Midline back pain is the hallmark symptom of lumbar compression fractures. The pain is axial, nonradiating, aching, or stabbing in quality and may be severe and disabling. The patient should report back pain at the level where the fracture is seen on radiographs. Young adults may present with severe back pain after a trauma such as a fall or motor vehicle accident. Reports lower extremity weakness or numbness are important signs of neurologic injury from the fracture.

Recently, Gibson et al presented a study of 350 patients with 1 or more compression fracture without conal compromise or spinal nerve compression. They found 240 of the 350 patients complained of additional nonmidline pain. The pain was typically in the ribs, hip, groin, or buttocks. Treatment of the fracture with vertebroplasty (see Other Treatment) resulted in 83% of those patients gaining pain relief. Therefore, the possibility of the fracture causing referred pain outside the spine may be very real (Gibson, 2006).

Alternatively, many compression fractures are painless. Osteoporosis is a silently progressive disease. Compression fractures are often diagnosed when an elderly patient presents with symptoms such as progressive scoliosis or mechanical lower back pain and the physician obtains routine lumbar radiographs.
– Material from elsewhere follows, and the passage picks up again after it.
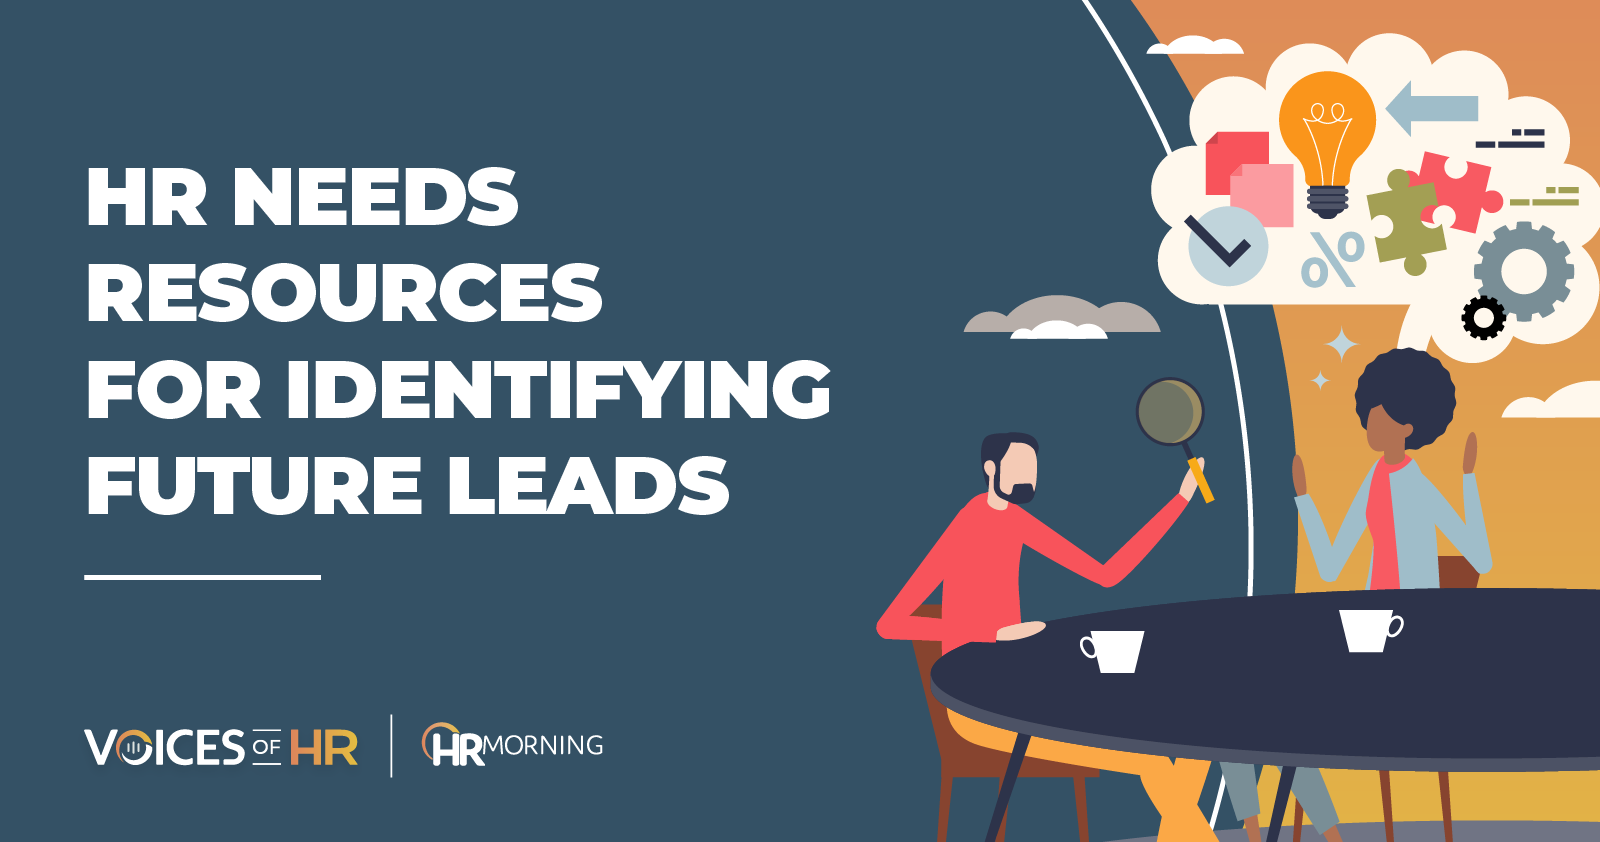 HR needs resources for identifying future leads

Finally, patients may present with a known (or unknown) malignancy. Routine spinal screening via MRI (if focal or referred pain occurs), or via bone scan (as a survey if pain has not occurred) reveals the pathologic fracture. The most common malignancies leading to spinal involvement in the form of fractures are metastasis and multiple myeloma. Often, the compression fracture is the presenting symptom or finding that leads to the diagnosis of malignancy. However, patients may have unexplained fevers, night sweats, past history of malignancy, or weight loss.

Finally, patients who have recently traveled outside of the United States, or who live in the inner city, may have symptoms of infection, such as general malaise, fever, or severely increasing pain. In these patients, osteomyelitis and Pott disease (tuberculosis spondylitis) must be ruled out.

Physical

A detailed neurologic examination is essential in all patients presenting with back pain, spine deformity, or traumatic spine injury. Most interventional procedures to alleviate pain in compression fractures are contraindicated in cases of neurologic compromise. Thus, a rectal examination is required to assess for rectal tone and sensation in trauma patients.

Upon inspection of the spine, the patient typically has a kyphotic posture that cannot be corrected. The kyphosis is caused by the wedge shape of the fracture, essentially turning squares to triangles.

Hip flexor contractures due to iliopsoas shortening are typically present.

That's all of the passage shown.